Chroniques

par laurent bergnach

Aventures et Nouvelles aventures
spectacle de l’Ensemble Justiniana

Opéra national de Paris / Amphithéâtre Bastille, Paris
- 12 décembre 2007
Aventures et Nouvelles aventures, spectacle de l’Ensemble Justiniana
© dr

Gêné par le fait que notre approche de l'opéra nécessite une connaissance intime du livret ou, au moins, un résumé de l'action, György Ligeti (1923-2006) cherche à s'affranchir du récit – mais pas de la voix : de nombreux lieder de jeunesse et chœurs a cappella témoignent du contraire. En 1967, il évoque le texte idéal pour des œuvres musicales scéniques : « un tel texte ne devrait fixer aucune relation abstraite mais traduire directement des émotions et des comportements, de sorte que les éléments scéniques et les actions puissent être pris pour des choses sensées au lieu des extravagances abstraites du texte ». Aventures (créé à Hambourg, le 4 avril 1963) et Nouvelles Aventures (dans la même ville, le 26 mai 1966) reflètent déjà cette envie, puisque d'étranges onomatopées tiennent lieu de discours, ne prenant pas vie avant la musique, mais bien en même temps qu'elle.

À l'aide du rire, du grognement, du soupir ou du gloussement, Ligeti laisse place aux émotions intimes (mélancolie, sanglots), mais principalement à « tous les affects humains ritualisés par les relations sociales tels la connivence, le désaccord, la domination et la soumission ». Avec l'Ensemble Justiniana, Charlotte Nessi nous convie justement à un banquet burlesco-surréaliste, au cours duquel – les enfants étant priés de rester dans leur chambre –, les grandes personnes se livrent au jeu de la vie, avec grandiloquence et donc, comme souvent, ridicule. Tout autour, comme autant de portraits d'ancêtres, les musiciens encadrés accompagnent quatre comédiens, trois chanteurs – le soprano Jody Pou, le mezzo Katalin Károlyi et le baryton Paul-Alexandre Dubois, vaillants et ne manquant pas d'impact –, ainsi qu'une danseuse.

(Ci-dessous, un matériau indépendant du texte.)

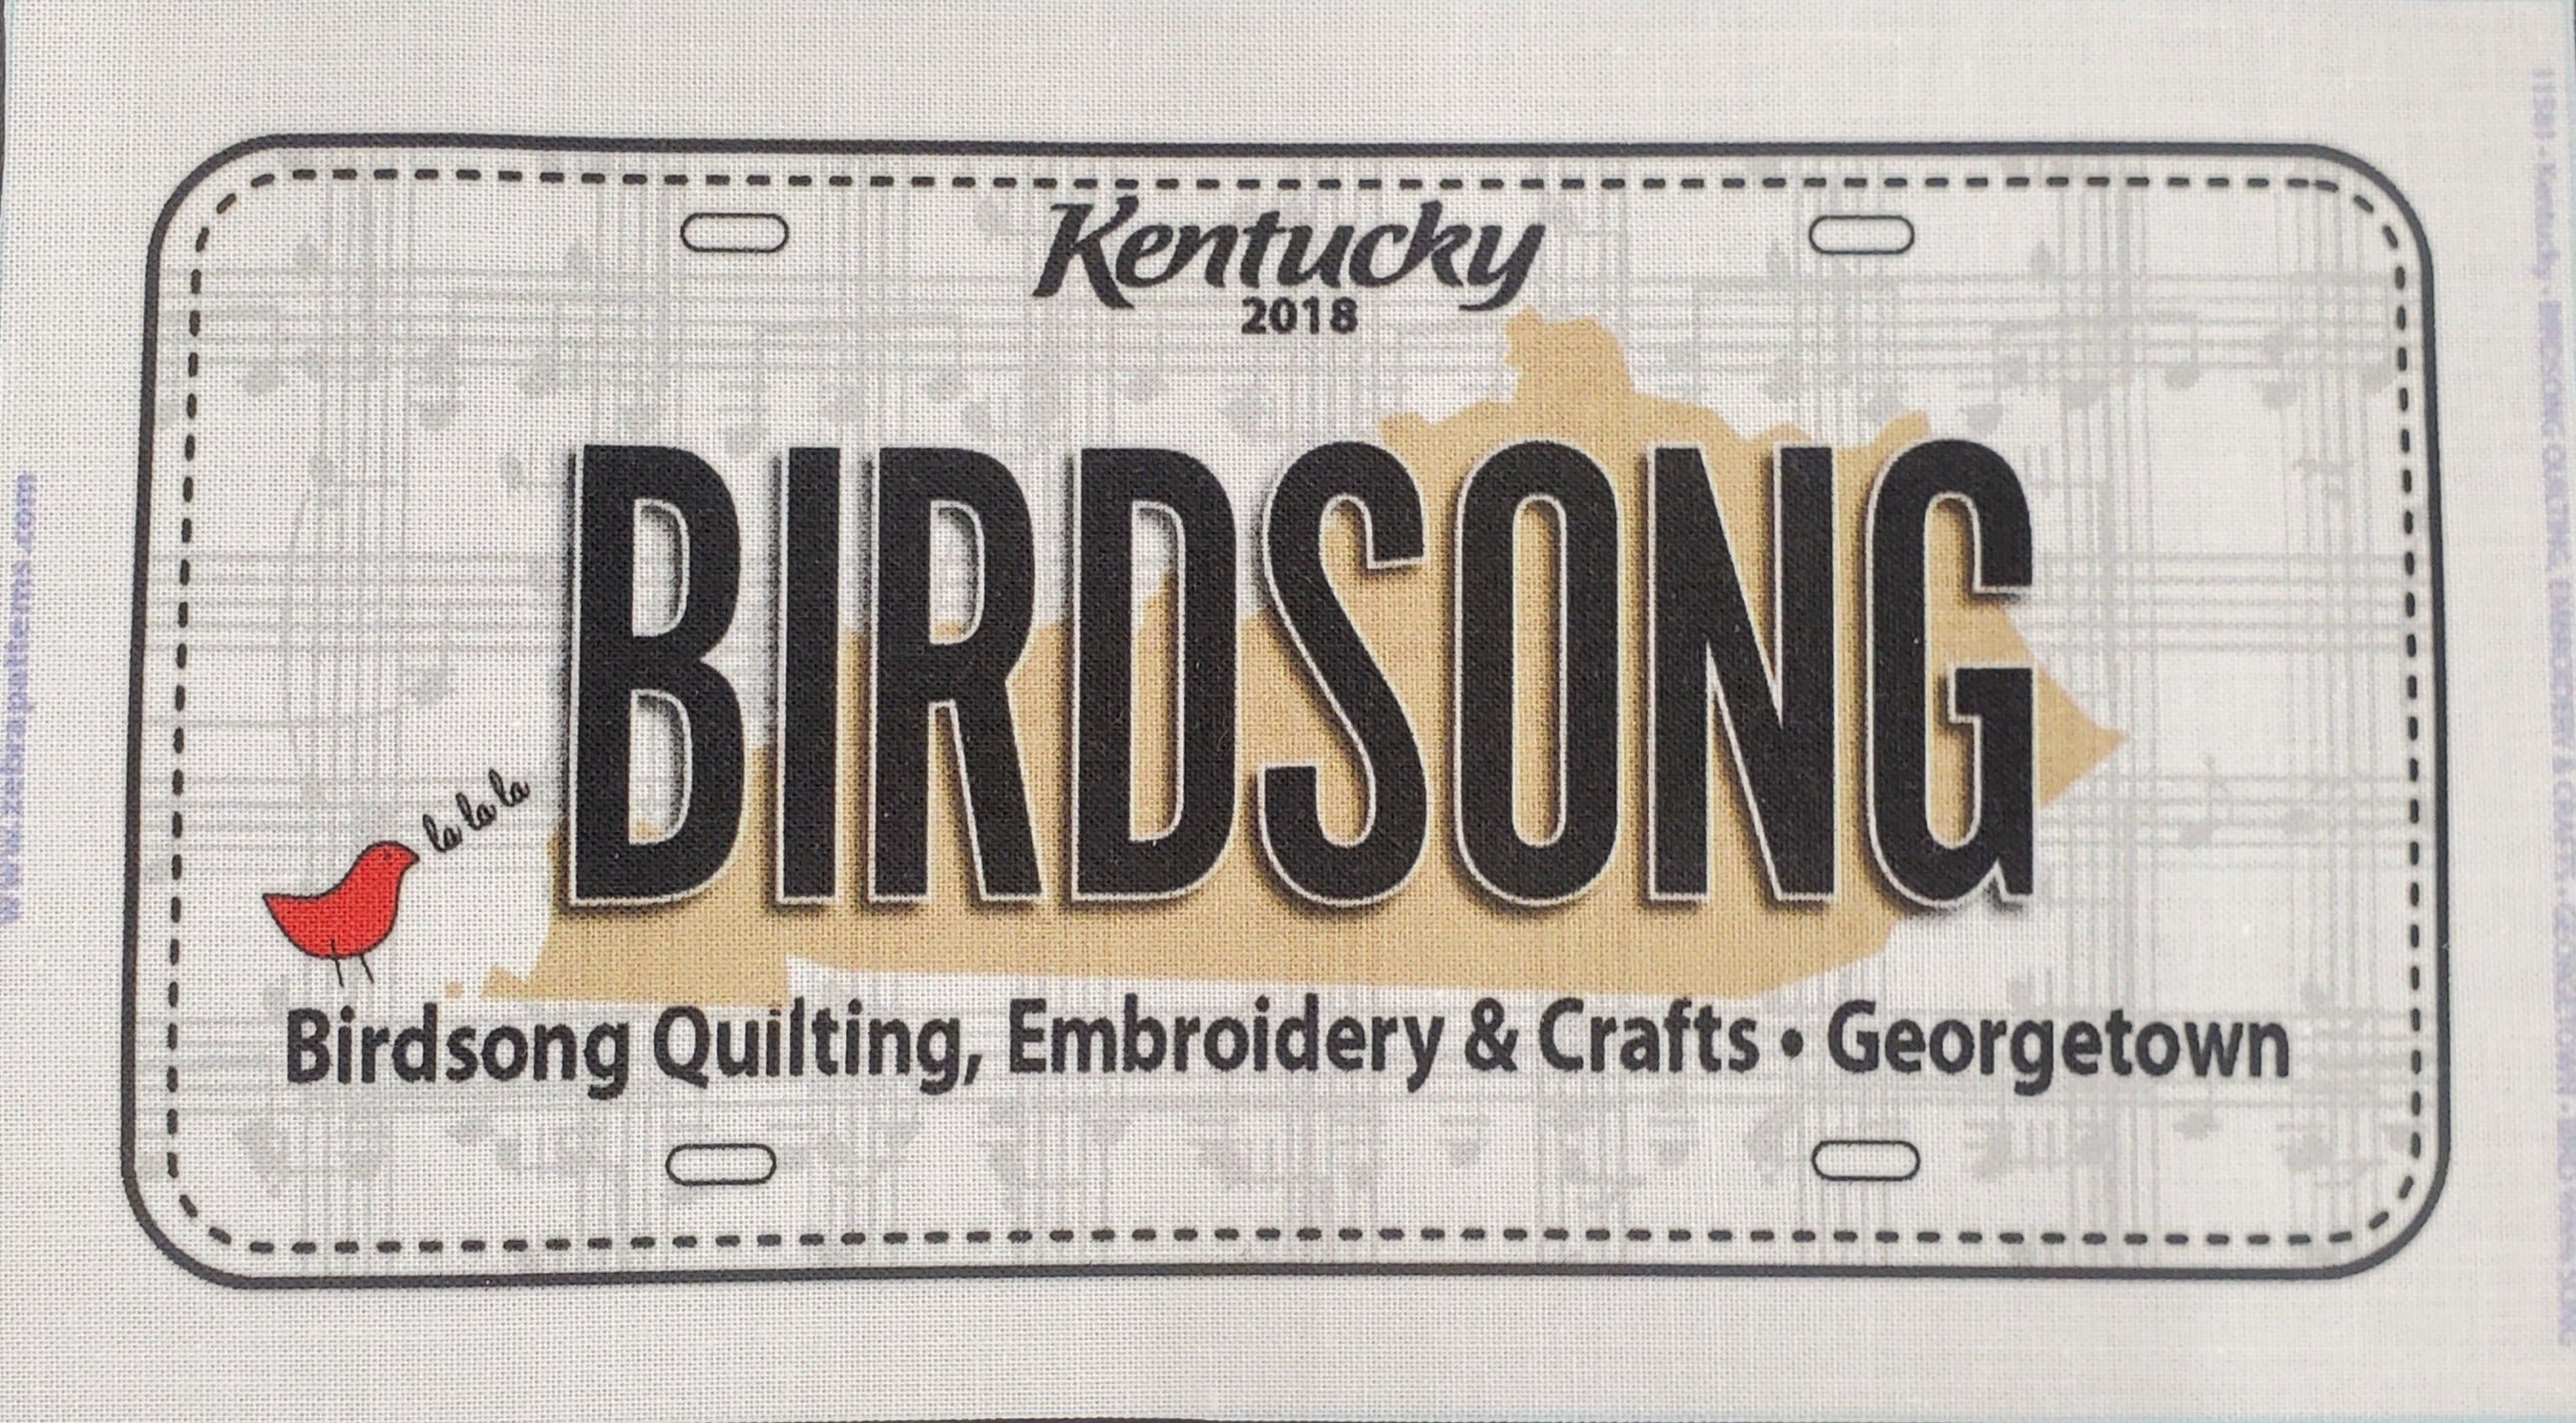 Row by Row License Plate - Kentucky - Birdsong 2018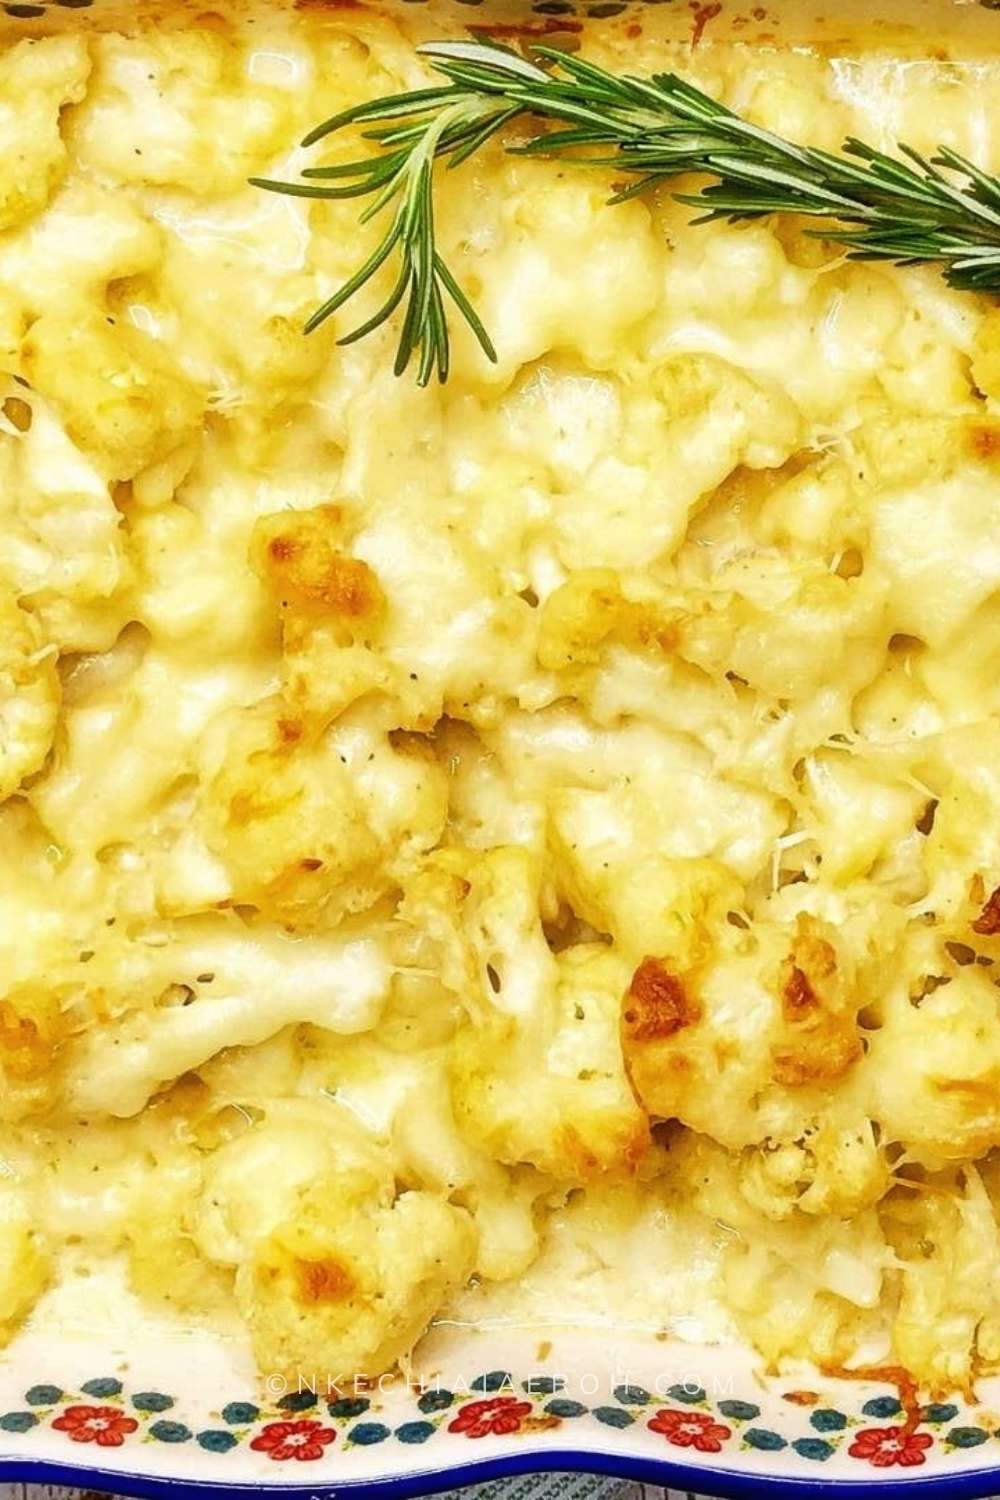 The best Cauliflower Mac and Cheese Incredibly easy and healthy baked cauliflower "mac and cheese" - The best Thanksgiving veggie side! This meatless creamy, comforting, and cheesy cauliflower side is made with fresh cauliflower, some milk, and some cheeses – a perfect low-carb and low-calorie side dish for all your holiday cooking. With this easy cauliflower mac and cheese, you will forever enjoy a guilt-free and comforting healthy side, and you will never miss mac and cheese. #lowcarb #cauliflower #Thanksgivingrecipe #cauliflowermacandcheese #healthysidedish #meatlessmaindish #sidedish #cauliflowermac

L'aventure ne s'arrête pas là : après la fête, tels des canaris fondant sur les miettes de la nappe, une vingtaine d'enfants envahissent la scène, remplaçant les adultes. Outre leurs gestes et leurs vices, le Chœur d'enfants Sotto Voce imite également leur sabir, grâce à Miniwanka or the moments of water, une partition du Canadien Raymond Murray Schafer (né en 1933). L'esprit sonore est le même que précédemment, même si la limpidité des voix sert ici une expressivité moins tonitruante. Outre Denis Comtet à la direction, c'est avec plaisir que nous retrouvons Dana Ciocarli pour des intermèdes puisés dans Musica Ricercata (1951-53) – n°1 en ouverture, n°3, n°7, etc. –, puisque c'est sans froideur qu'elle livre ces miniatures souvent mécaniques.